22 Traceback (most recent call last):
23 File "/opt/stardist_segment.py", line 190, in <module>
24 model = load_model(model_name, model_path)
25 File "/opt/stardist_segment.py", line 94, in load_model
26 return StarDist2D.from_pretrained(model_to_load)
27 File "/usr/local/lib/python3.8/dist-packages/csbdeep/models/base_model.py", line 79, in from_pretrained
28 return get_model_instance(cls, name_or_alias)
29 File "/usr/local/lib/python3.8/dist-packages/csbdeep/models/pretrained.py", line 102, in get_model_instance
30 model = cls(config=None, name=path.stem, basedir=path.parent)
31 File "/usr/local/lib/python3.8/dist-packages/stardist/models/model2d.py", line 292, in __init__
32 super().__init__(config, name=name, basedir=basedir)
33 File "/usr/local/lib/python3.8/dist-packages/stardist/models/base.py", line 220, in __init__
34 super().__init__(config=config, name=name, basedir=basedir)
35 File "/usr/local/lib/python3.8/dist-packages/csbdeep/models/base_model.py", line 113, in __init__
36 self._find_and_load_weights()
37 File "/usr/local/lib/python3.8/dist-packages/csbdeep/models/base_model.py", line 32, in wrapper
38 return f(*args, **kwargs)
39 File "/usr/local/lib/python3.8/dist-packages/csbdeep/models/base_model.py", line 167, in _find_and_load_weights
40 self.load_weights(weights_chosen.name)
41 File "/usr/local/lib/python3.8/dist-packages/csbdeep/models/base_model.py", line 32, in wrapper
42 return f(*args, **kwargs)
43 File "/usr/local/lib/python3.8/dist-packages/csbdeep/models/base_model.py", line 184, in load_weights
44 self.keras_model.load_weights(str(self.logdir/name))

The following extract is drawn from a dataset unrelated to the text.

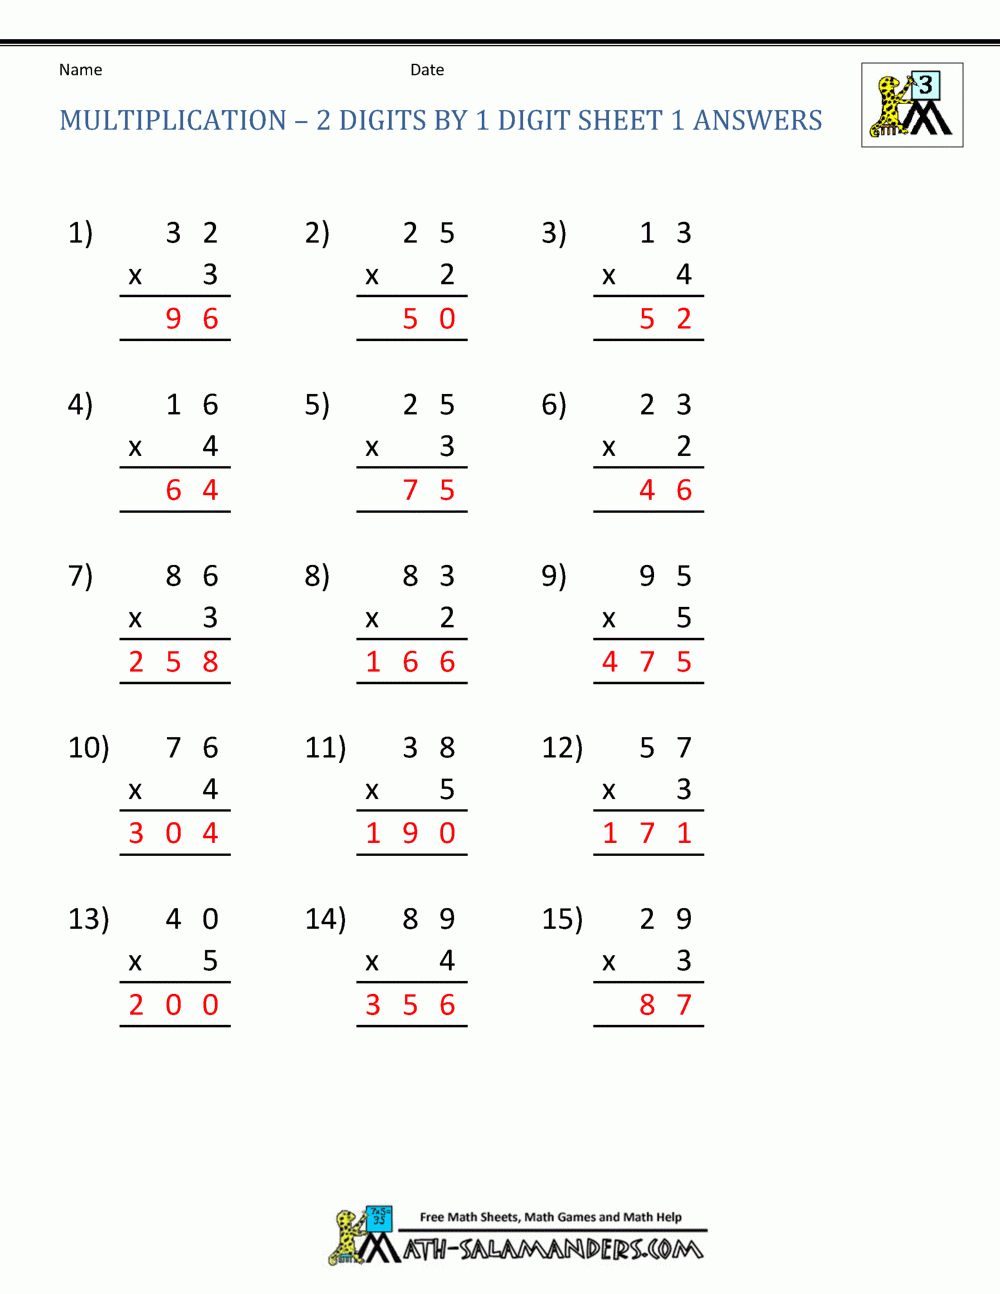 Multiplication Practice Worksheets Grade 3 pertaining to Multiplication Worksheets Year 3 Pdf
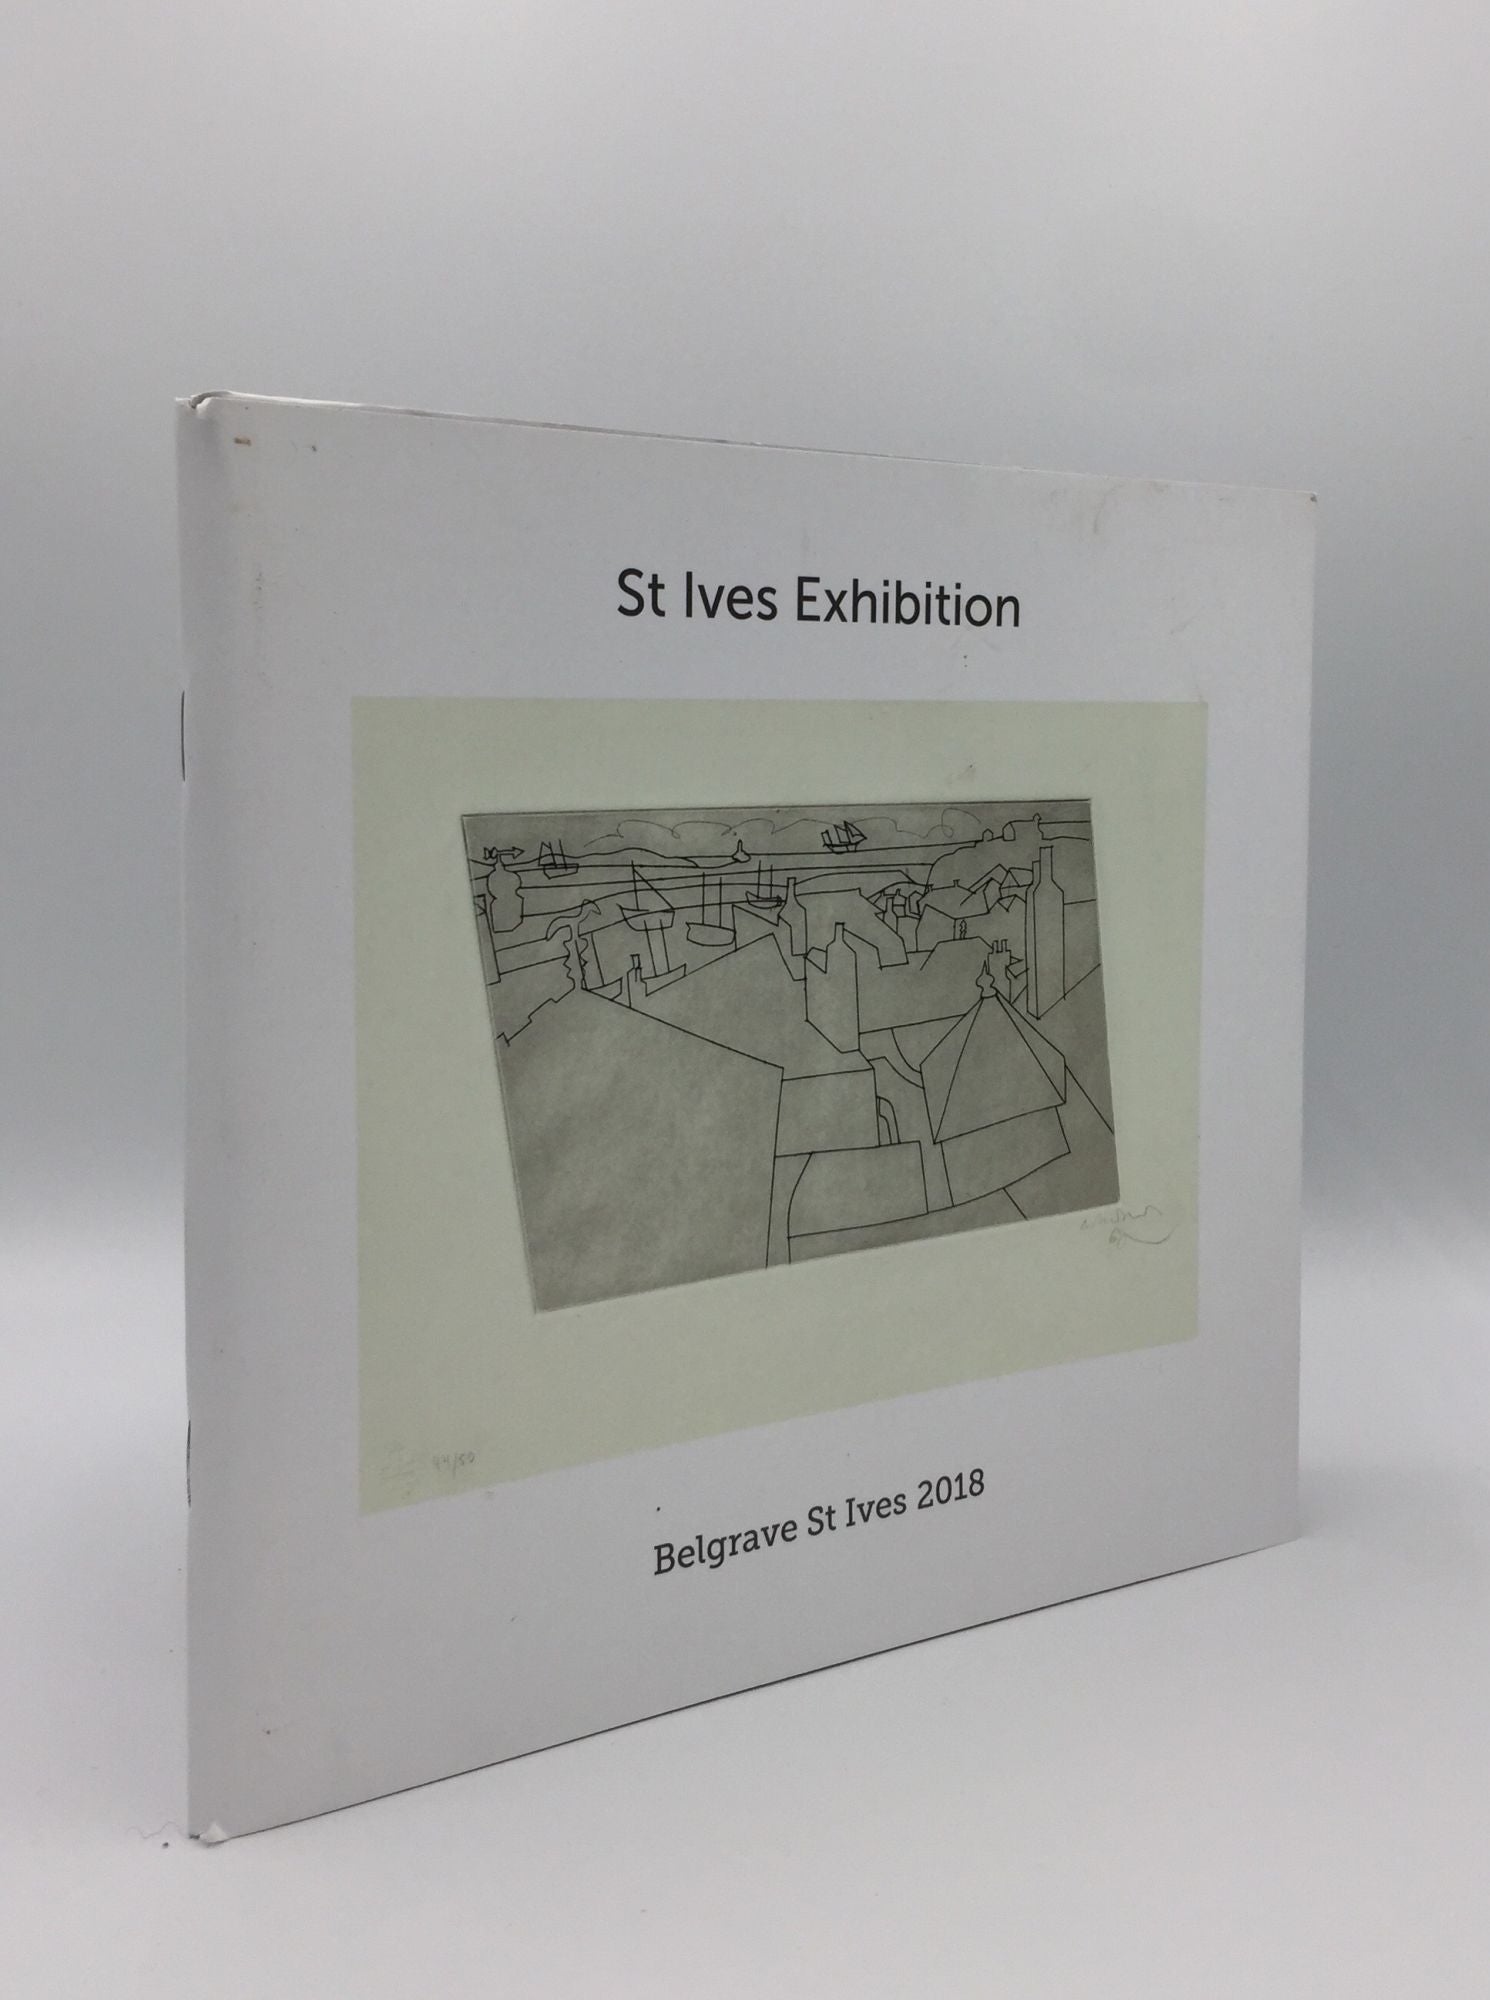 Belgrave St Ives - St Ives Exhibition 2018

45 File "/usr/local/lib/python3.8/dist-packages/tensorflow/python/keras/engine/training.py", line 2229, in load_weights
46 hdf5_format.load_weights_from_hdf5_group(f, self.layers)
47 File "/usr/local/lib/python3.8/dist-packages/tensorflow/python/keras/saving/hdf5_format.py", line 696, in load_weights_from_hdf5_group
48 weight_values = [np.asarray(g[weight_name]) for weight_name in weight_names]
49 File "/usr/local/lib/python3.8/dist-packages/tensorflow/python/keras/saving/hdf5_format.py", line 696, in <listcomp>
50 weight_values = [np.asarray(g[weight_name]) for weight_name in weight_names]
51 File "h5py/_objects.pyx", line 54, in h5py._objects.with_phil.wrapper
52 File "h5py/_objects.pyx", line 55, in h5py._objects.with_phil.wrapper
53 File "/usr/local/lib/python3.8/dist-packages/h5py/_hl/group.py", line 264, in __getitem__
54 oid = h5o.open(self.id, self._e(name), lapl=self._lapl)
55 File "h5py/_objects.pyx", line 54, in h5py._objects.with_phil.wrapper
56 File "h5py/_objects.pyx", line 55, in h5py._objects.with_phil.wrapper
57 File "h5py/h5o.pyx", line 190, in h5py.h5o.open
58 KeyError: 'Unable to open object (bad local heap signature)'
When I load the container and load the 2D_versatile_fluo model in independently, I do not encounter any errors.
I believe that this is related to an ongoing issue with stardist and opening the weights files in parallel in conjunction with h5py. [https://github.com/stardist/stardist/issues/93] ... I have resolved this issue by setting the executor.queueSize for my custom profile to be 1 to set the number of jobs for that step to be 1, but this seems like a poor solution, I'm not really sure the proper way to go about this... This is most likely not coming up on the test data since there are only two samples being run at once, I would be willing to try and run using different queue sizes on my local cluster to see when it seems to "break". Let me know your thoughts! Another hacky solution is to delay the processes using a timer randomly so that the process doesn't try to load in the model weights all at once as discussed in the linked issue thread. Let me know if you need more than what is provided log wise...
Again thanks for your time and effort!